I think we’re speaking from two completely different perspectives.
From a developer’s point of view, the answer is: “Yes, this is possible, RadioBOSS can do it.”
From the day-to-day reality of running a radio station, the answer becomes: “Yes, RadioBOSS can do it, but the workflow is so complex that it’s close to unusable in everyday operation.”
When I say that in practice this means 77 presets → 77 lines/definitions inside one event (or spread across multiple events), the response is essentially “RadioBOSS can handle that.”
My point is: RadioBOSS may handle it, but the operator still has to maintain it. With larger setups, this quickly becomes fragile and error-prone.
You suggested using Create Multiple Playlists. Yes, that is technically possible, but the workflow then becomes:
- first, create and maintain all presets
- then use “Create Multiple Playlists”, which still requires explicitly selecting each preset and manually assigning an output name for every generated playlist
- then create an event that generates a large number of M3U files
- and only after that create additional events to load and start those generated playlists
For something that used to be straightforward, this is a significant increase in complexity and maintenance.
You also mentioned that these changes were needed to ensure precise timing.
However, users who needed that level of precision already had it before by using “Save generated playlist to a file.”
Users who didn’t need that level of precision could simply use the Generate preset workflow.
Now the simpler option is gone, and everyone is forced into the more complex “generate-to-file” approach.
So this doesn’t really add precision — precision already existed — it removes choice and pushes everyday operation into a much more complicated and messy process.
Dayparting itself is a nice feature, but in this model it effectively requires working with timestamped M3U files. In real-world radio operation, this becomes impractical very quickly.
For a weekly schedule, we’re talking about 7 × 24 = 168 time slots.
With time-based playlist files, you end up with folders full of M3Us, and there is no clear or reliable way to verify at a glance that every hour is actually covered and nothing is missing.
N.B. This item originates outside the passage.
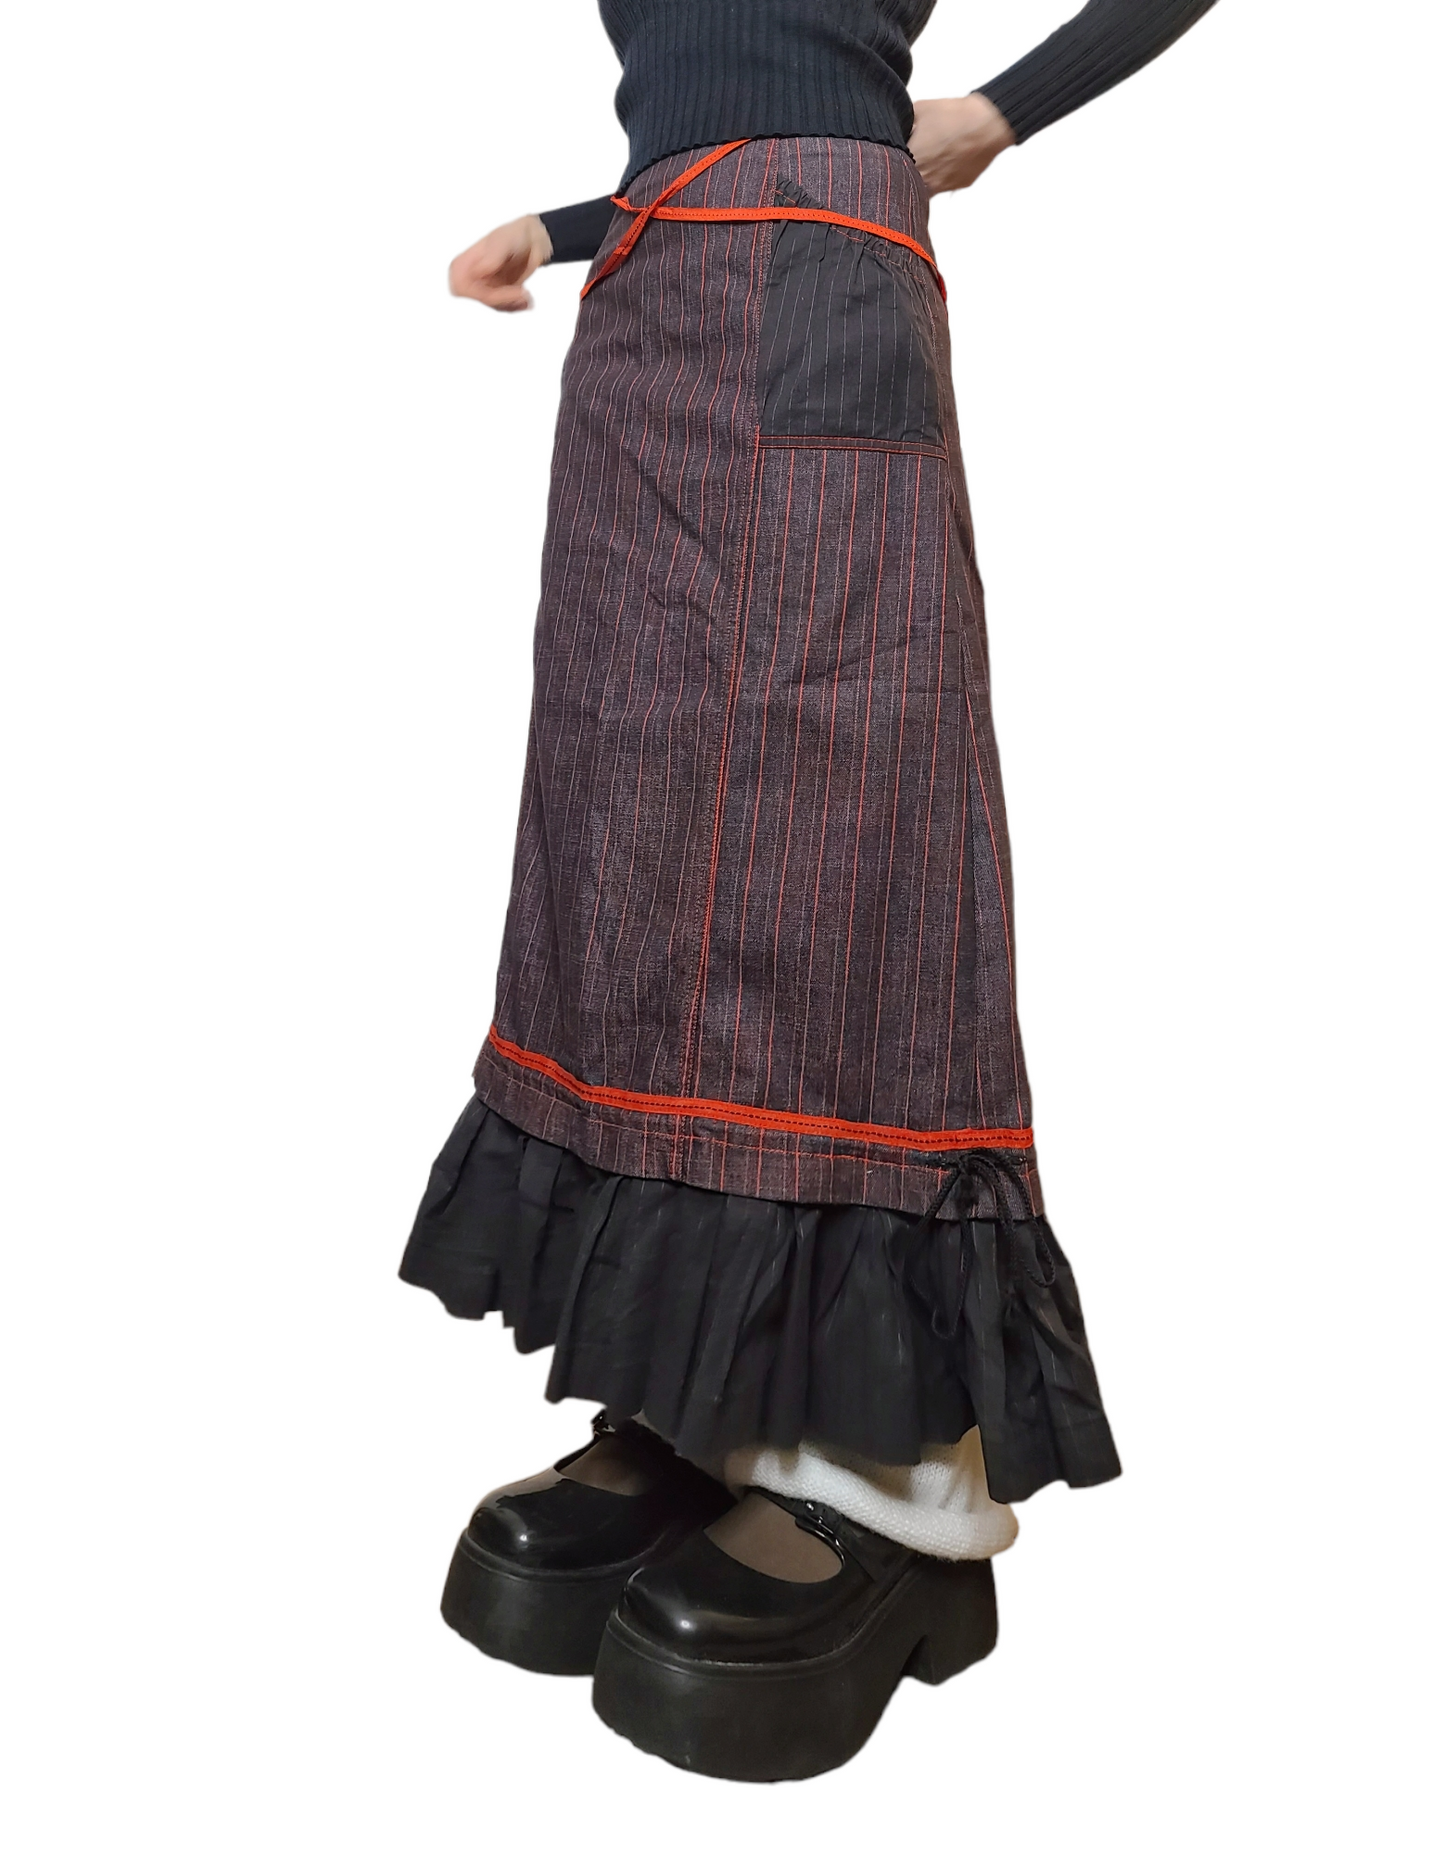 Maxi skirt gorpcore y2k fairygrunge vintage

Your suggestion to split this into 7 folders (one per day, 24 playlists each) doesn’t really solve the problem — it just spreads the same complexity across multiple folders.
It still doesn’t provide a clear overview of coverage and makes it easy to miss a missing hour or a misconfigured event.
I’d also like to clarify that UI cosmetics (icons, emojis in tabs, nicer clocks, visual tweaks) are not what I’m looking for. Nice to have, but...
What I need is a system that works reliably, is logical, easy to maintain, and easy to oversee in daily operation.
I need a playlist generator, dayparting, and rules like do not repeat (including for intros) that solve real programming problems without adding operational complexity.
At times, it gives me the impression that some changes are being pushed mainly to ship a new version with new features, rather than because the overall workflow is fully thought through and ready for real-world use.
From an operator’s perspective, parts of this feel unfinished rather than truly complete.
This approach may work for a small internet radio or a very simple 24 hour playlist, but for a normal, full-format radio station with structured programming, it’s simply not practical.